The Federal Trade Commission's staff report released Wednesday on ways to improve online consumer privacy calls for the creation of a "do-not-track" system that would allow consumers to opt out of being tracked when surfing online.
The report, which was the result of round table discussions and other input, said consumers need more streamlined choices on whether information should be collected about them for advertising purposes. Currently, many companies track consumers' Web activities so ads can be targeted to them based on their preferences.
The staff report said consumers should have a "uniform and comprehensive" way to decide whether they want their activities to be tracked and suggested a "do not track" system would provide the most "practical" way to implement this.
"The most practical method of providing such universal choice would likely involve the placement of a persistent setting, similar to a cookie, on the consumer's browser signaling the consumer's choices about being tracked and receiving targeted ads," the report said. "Commission staff supports this approach, sometimes referred to as 'Do Not Track.'"
While a "do-not-track" system has been compared with the Do-Not-Call registry, the FTC staff recommended a different approach. The Do-not-call registry requires consumers to sign up on a list to opt out of receiving most telemarketing calls.
The FTC report, however, recommends that the do-not-track system should be a Web browser-based mechanism "through which consumers could make persistent choices." The report, however, said it wants comment on whether this system should include an option that allows consumers to allow for some information collection about them and to receive some types of advertising.
In addition, the report said a do-not-track system should not "undermine the benefits that online behavioral advertising has to offer, by funding online content and services and providing personalized advertisements that many consumers value."
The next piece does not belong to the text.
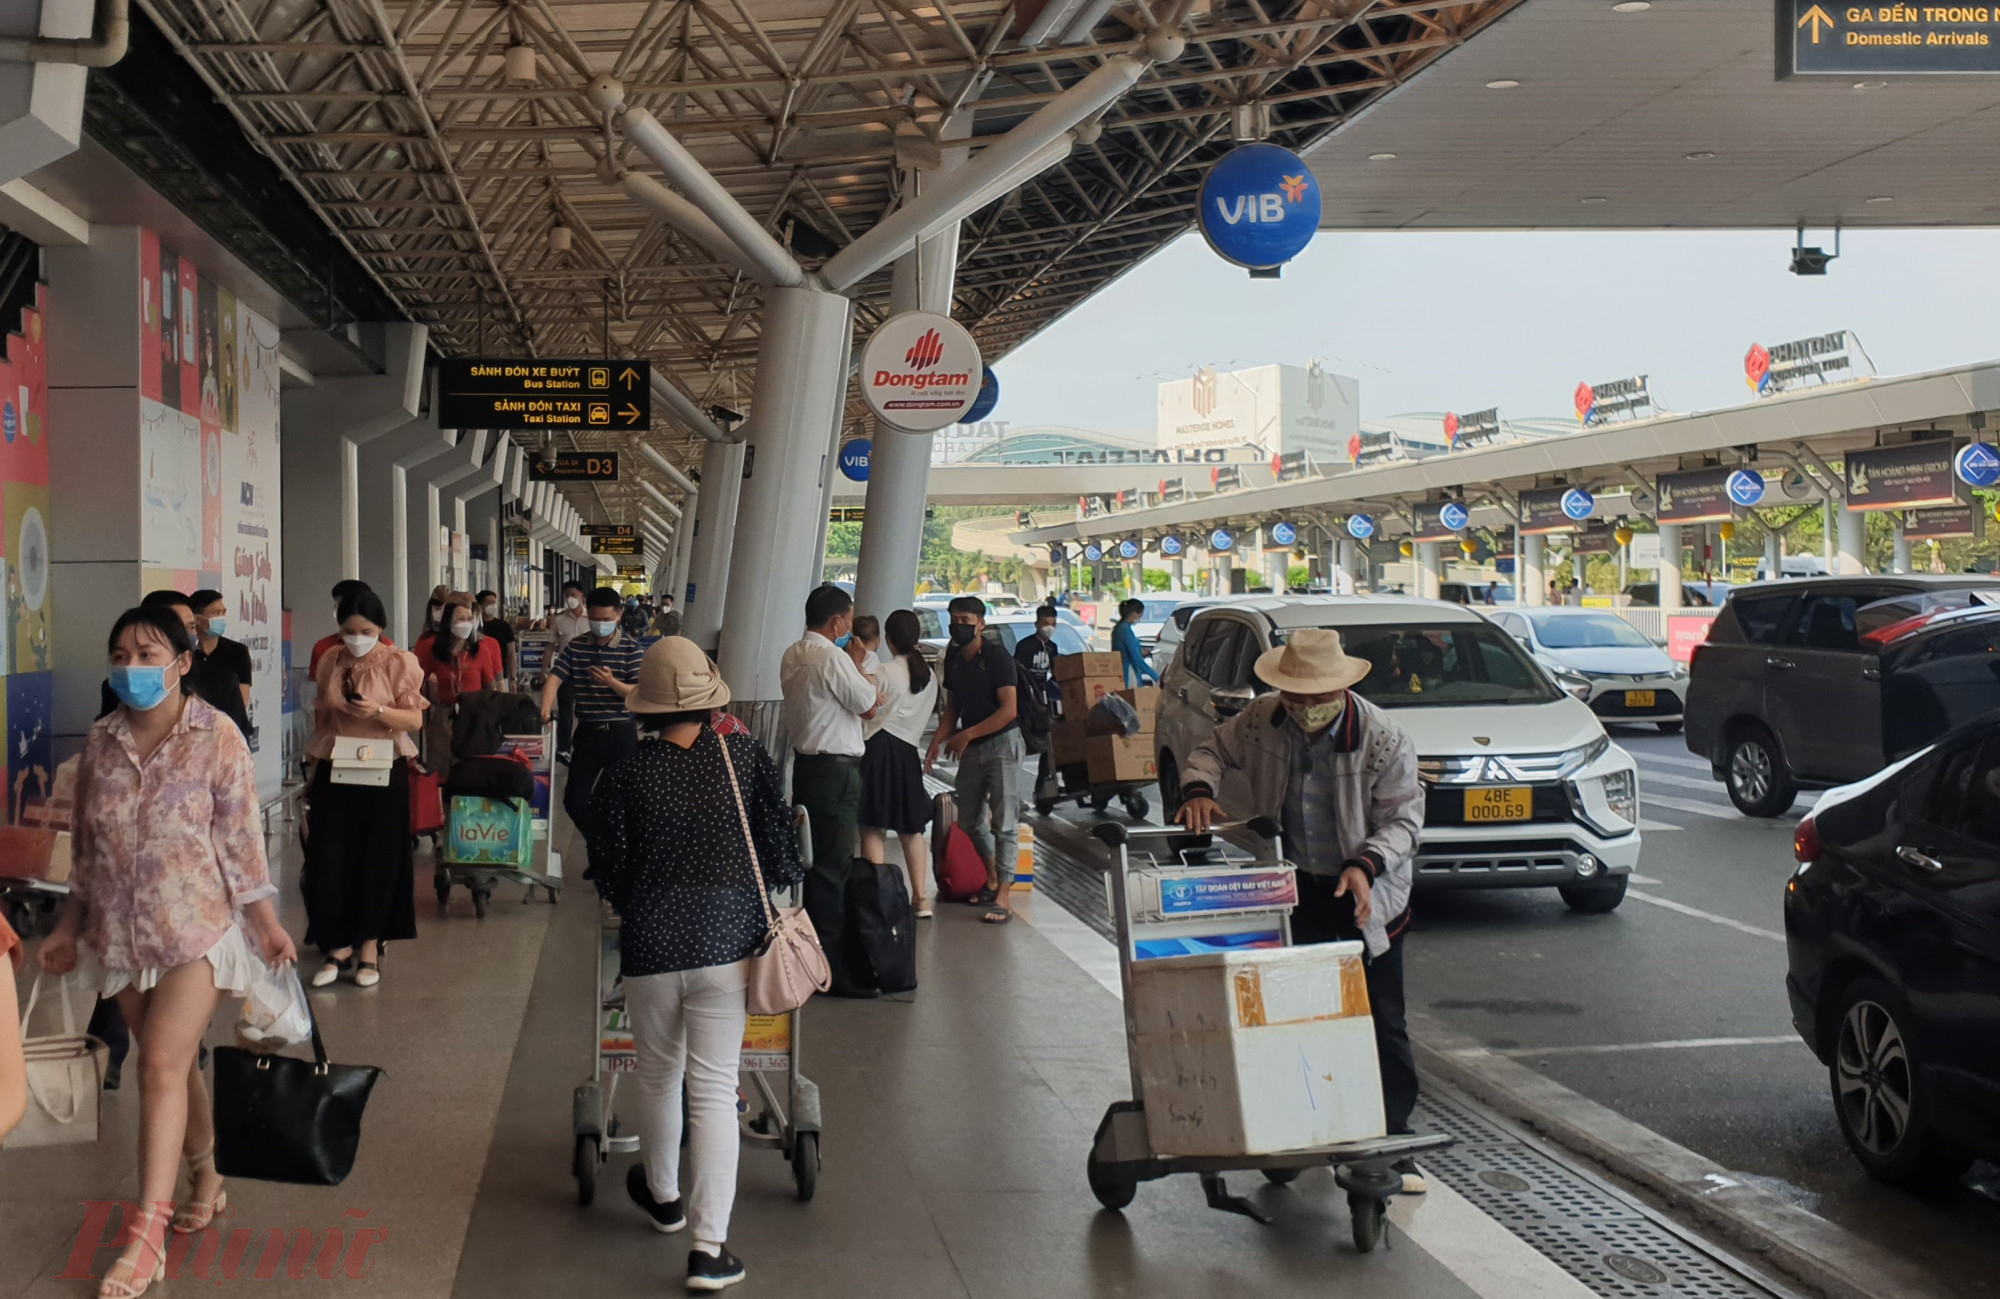 Lượng khách đến sân bay Tân Sơn Nhất so với thời điểm từ Mùng 3 tết Nhâm Dần đến rằm tháng giêng đã bắt đầu giảm mạnh

The report said a do-not-track system could be implemented through legislation or "potentially through robust, enforceable self-regulation." Either way, the report said there must be an enforceable requirement that sites honor" a consumer's choice on whether to be tracked.
Some industry officials have argued that a do-not-call system would be difficult to implement. But David Vladeck, director of the FTC's Consumer Protection Bureau, said at a privacy conference Wednesday morning that the FTC believes such a system is technologically feasible.
The report argues that the current notice-and-choice and harm-based approaches to privacy protection have failed to keep track with technological changes. They said notice-and-choice has led to "long, incomprehensible privacy policies" that most consumers don't read and may not understand.
"While recent announcements of privacy innovations by a range of companies are encouraging, many companies - both online and offline - do not adequately address consumer privacy interests," the report argued. "Industry must do better. For every business, privacy should be a basic consideration - similar to keeping track of costs and revenues, or strategic planning."